-- Record set follows --

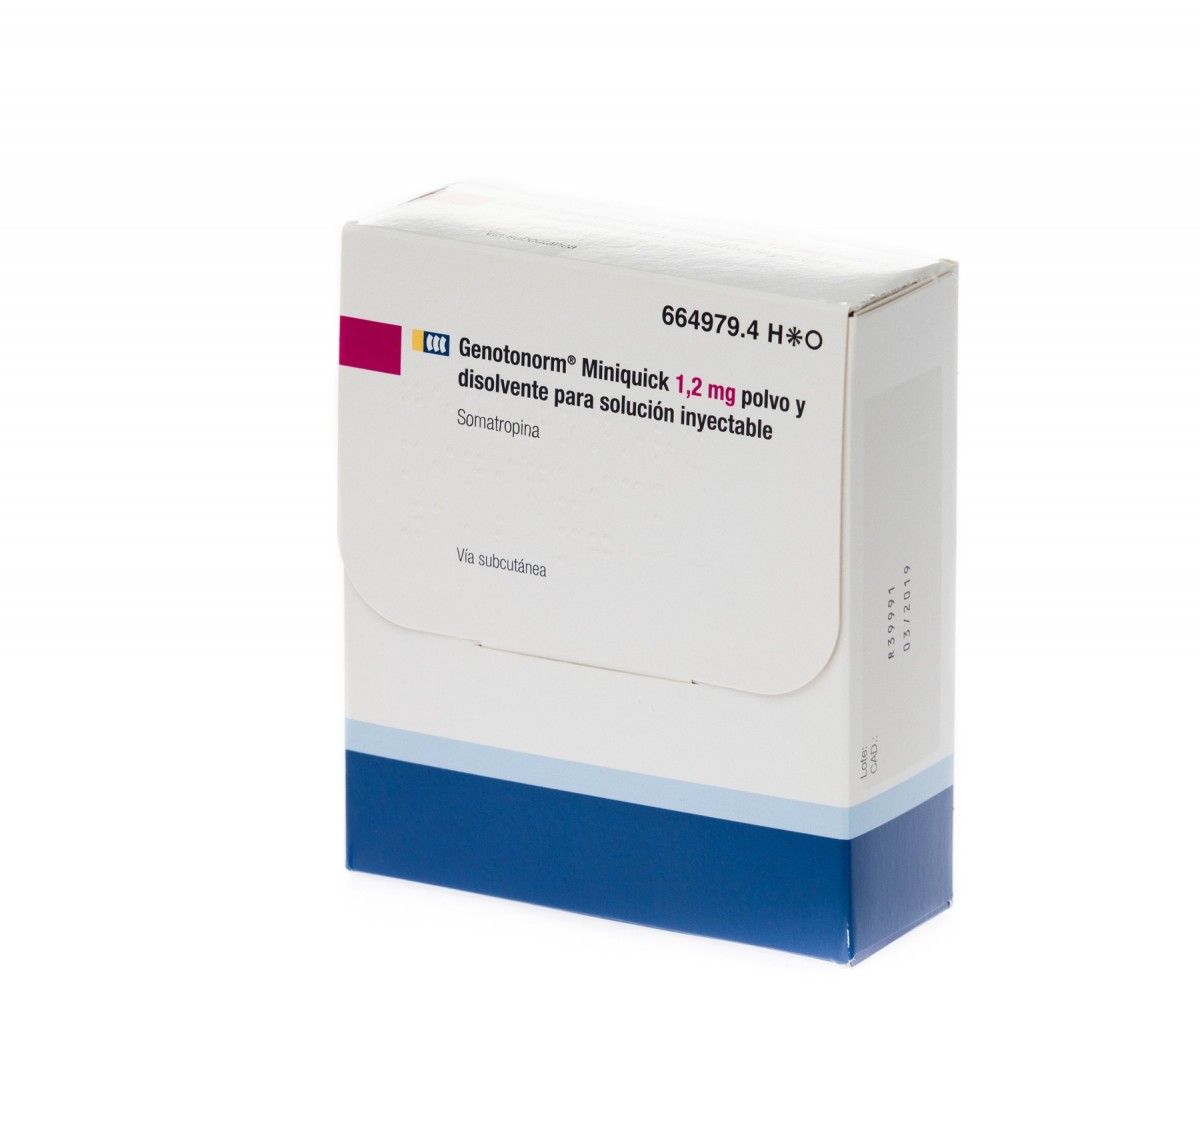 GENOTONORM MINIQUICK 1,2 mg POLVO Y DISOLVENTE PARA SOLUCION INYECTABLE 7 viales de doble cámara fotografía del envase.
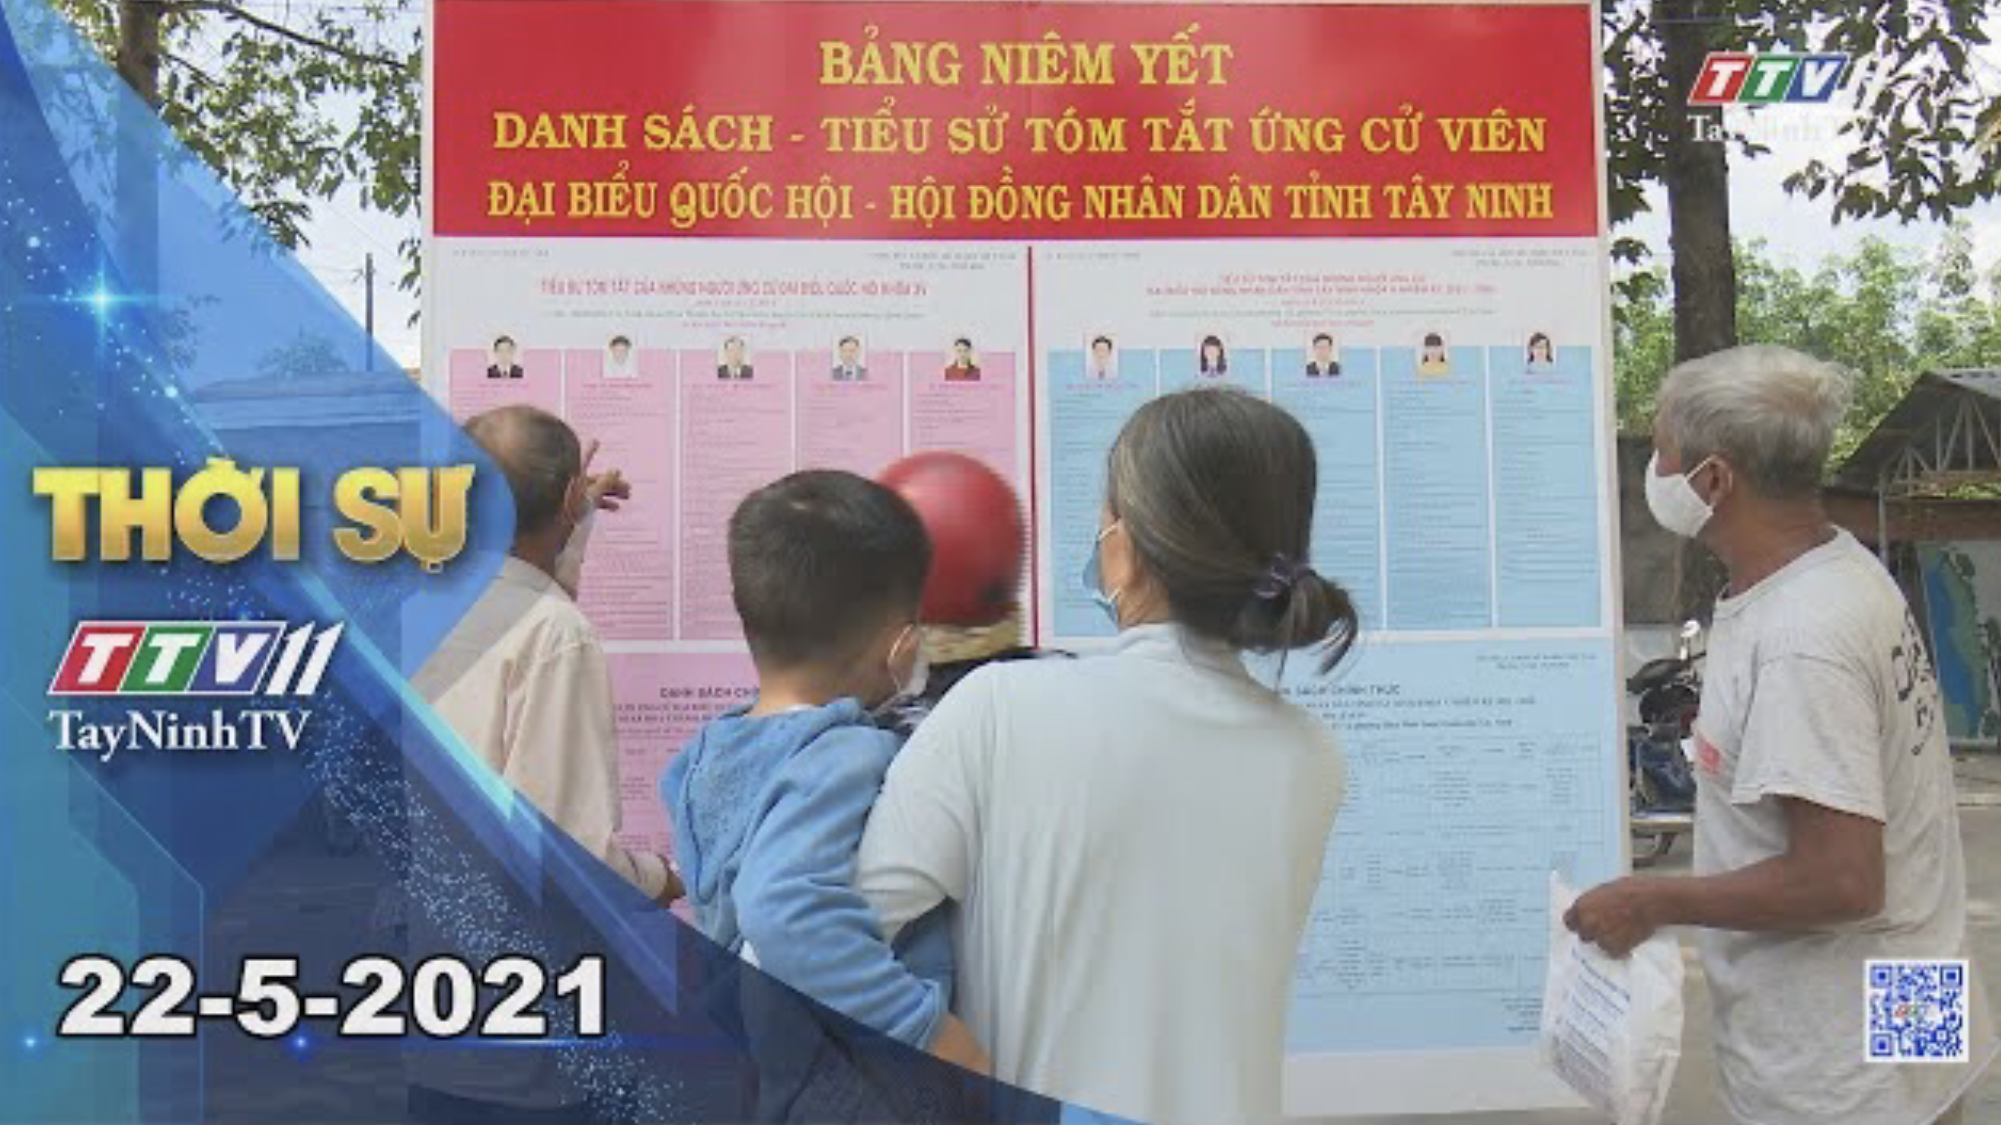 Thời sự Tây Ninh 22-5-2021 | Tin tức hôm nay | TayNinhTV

-- Record set concluded --
-- Record set follows --

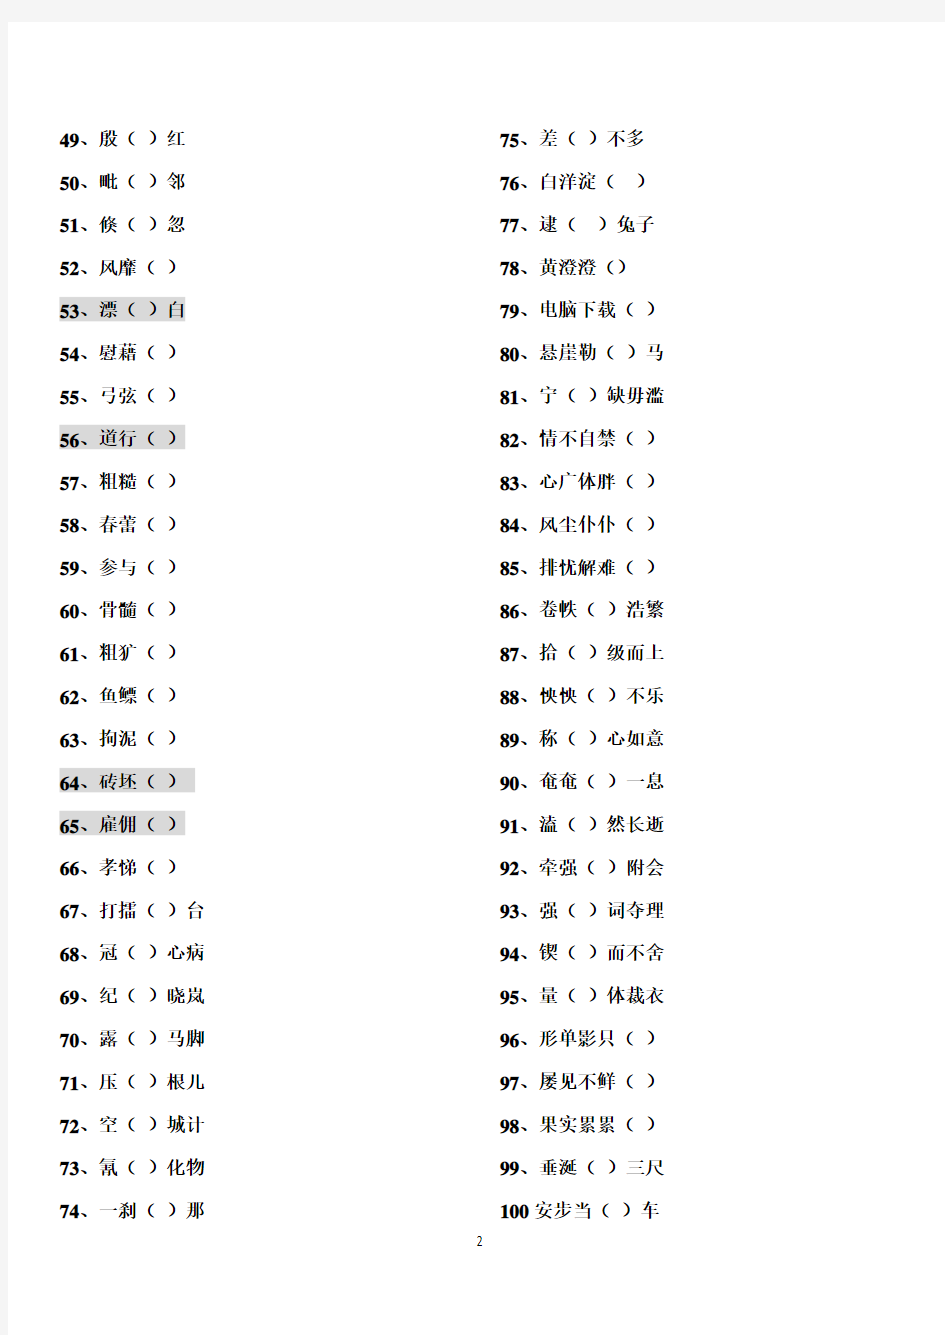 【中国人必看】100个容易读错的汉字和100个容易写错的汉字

-- Record set concluded --
-- Record set follows --

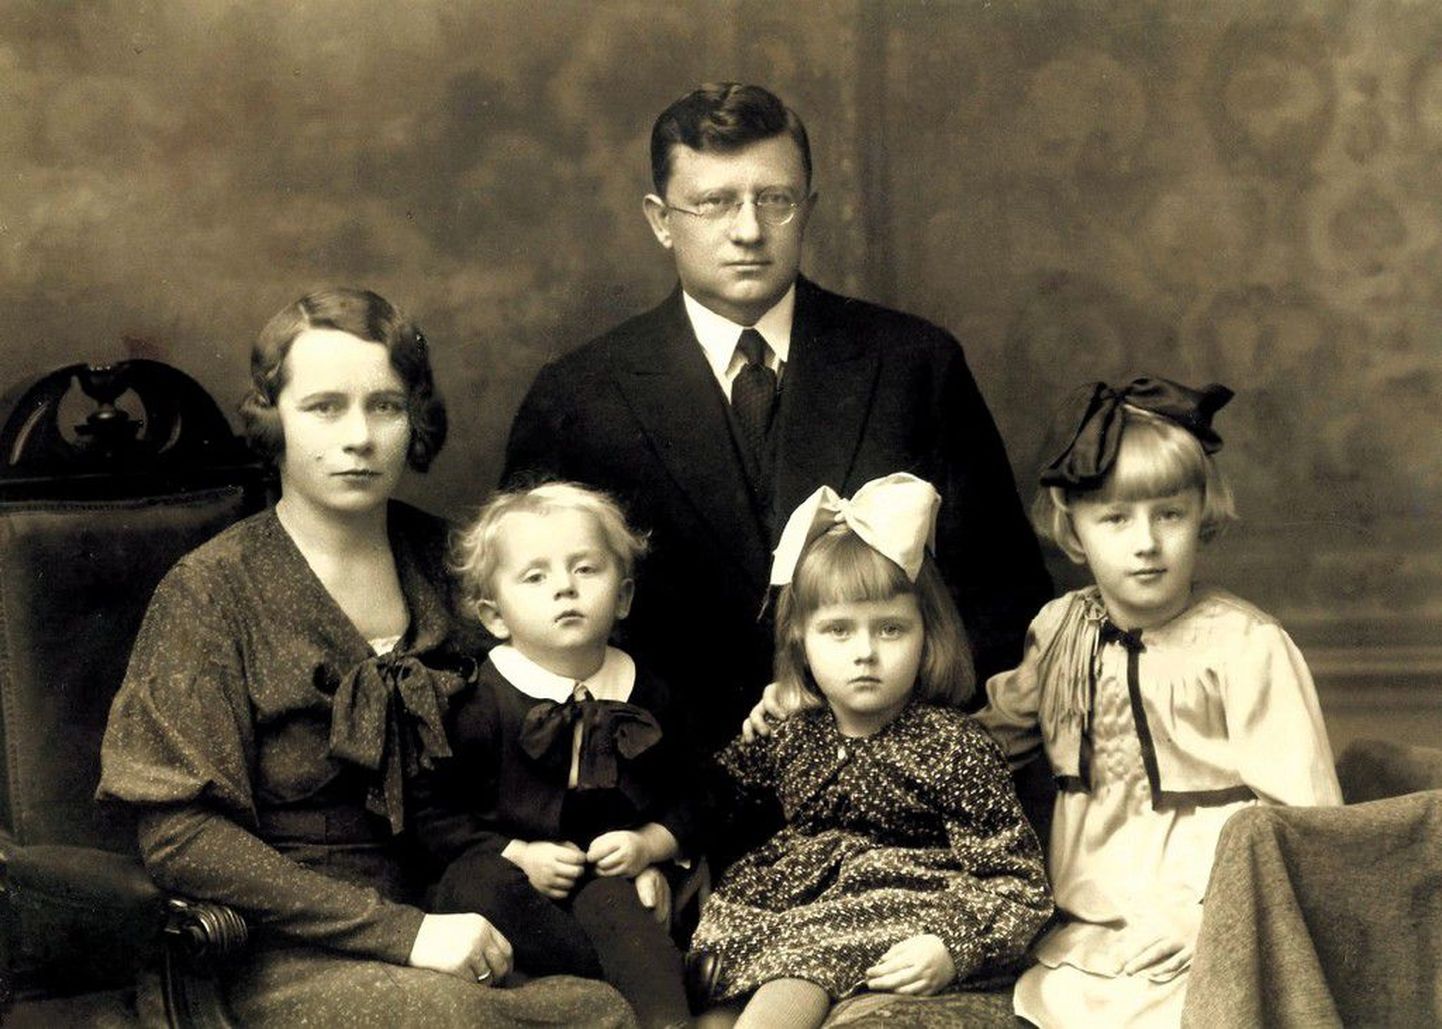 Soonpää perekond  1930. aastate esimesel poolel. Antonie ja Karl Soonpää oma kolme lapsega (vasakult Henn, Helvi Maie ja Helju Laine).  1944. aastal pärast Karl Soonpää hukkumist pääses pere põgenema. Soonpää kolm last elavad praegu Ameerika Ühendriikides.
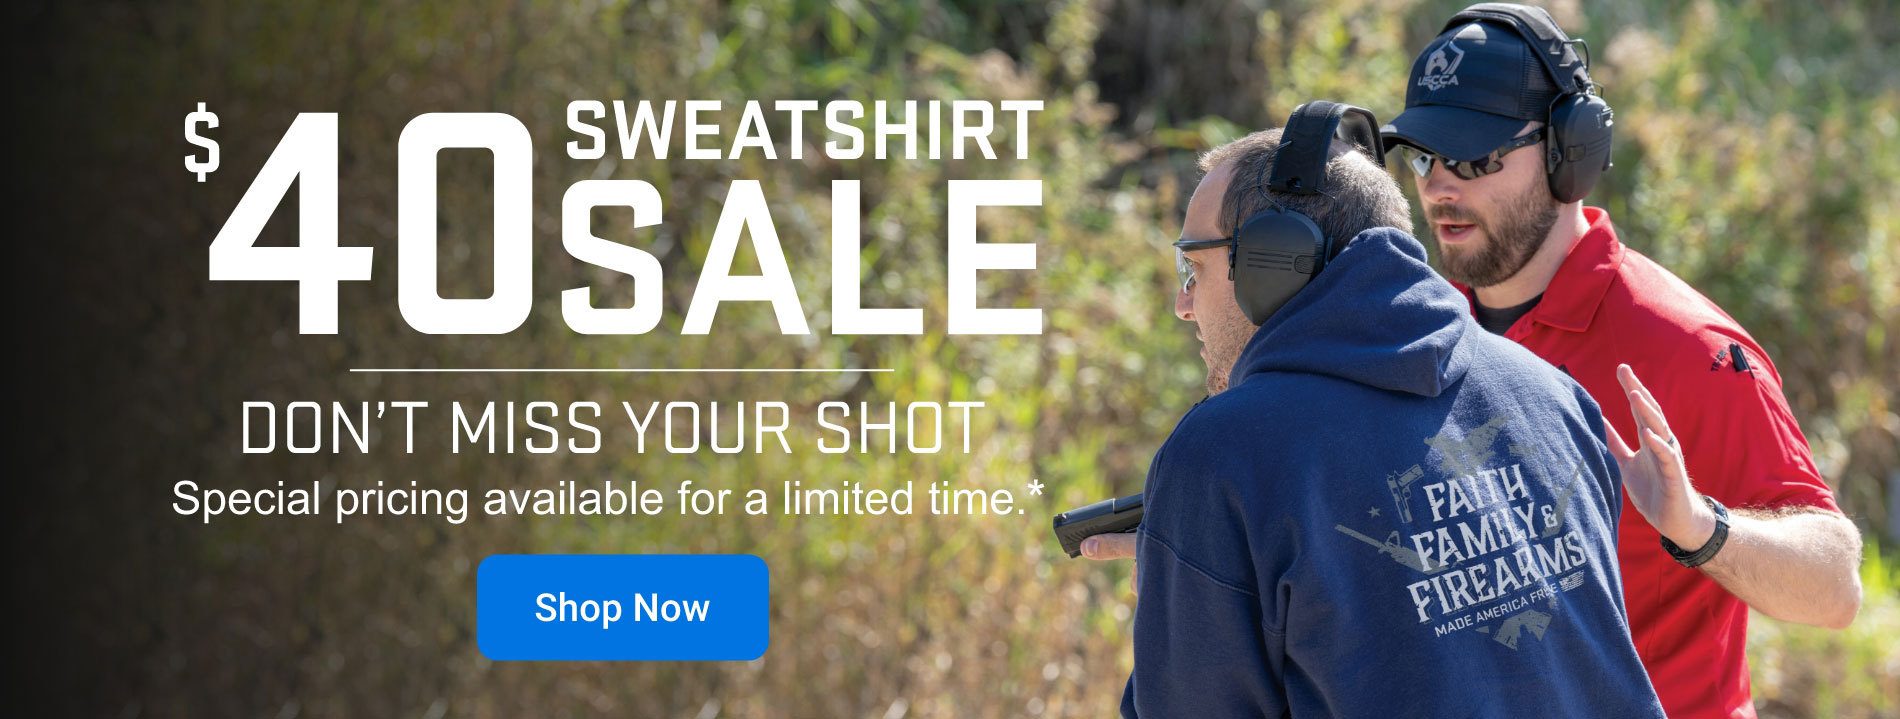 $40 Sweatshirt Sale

-- Record set concluded --

## Work instruction
Your answer must be everything above from the line with "GENOTONORM MINIQUICK 1,2" down to the line with "Thời sự Tây", word for word, and no pictures.

## Response to this task
 GENOTONORM MINIQUICK 1,2 mg POLVO Y DISOLVENTE PARA SOLUCION INYECTABLE 7 viales de doble cámara fotografía del envase.
 Thời sự Tây Ninh 22-5-2021 | Tin tức hôm nay | TayNinhTV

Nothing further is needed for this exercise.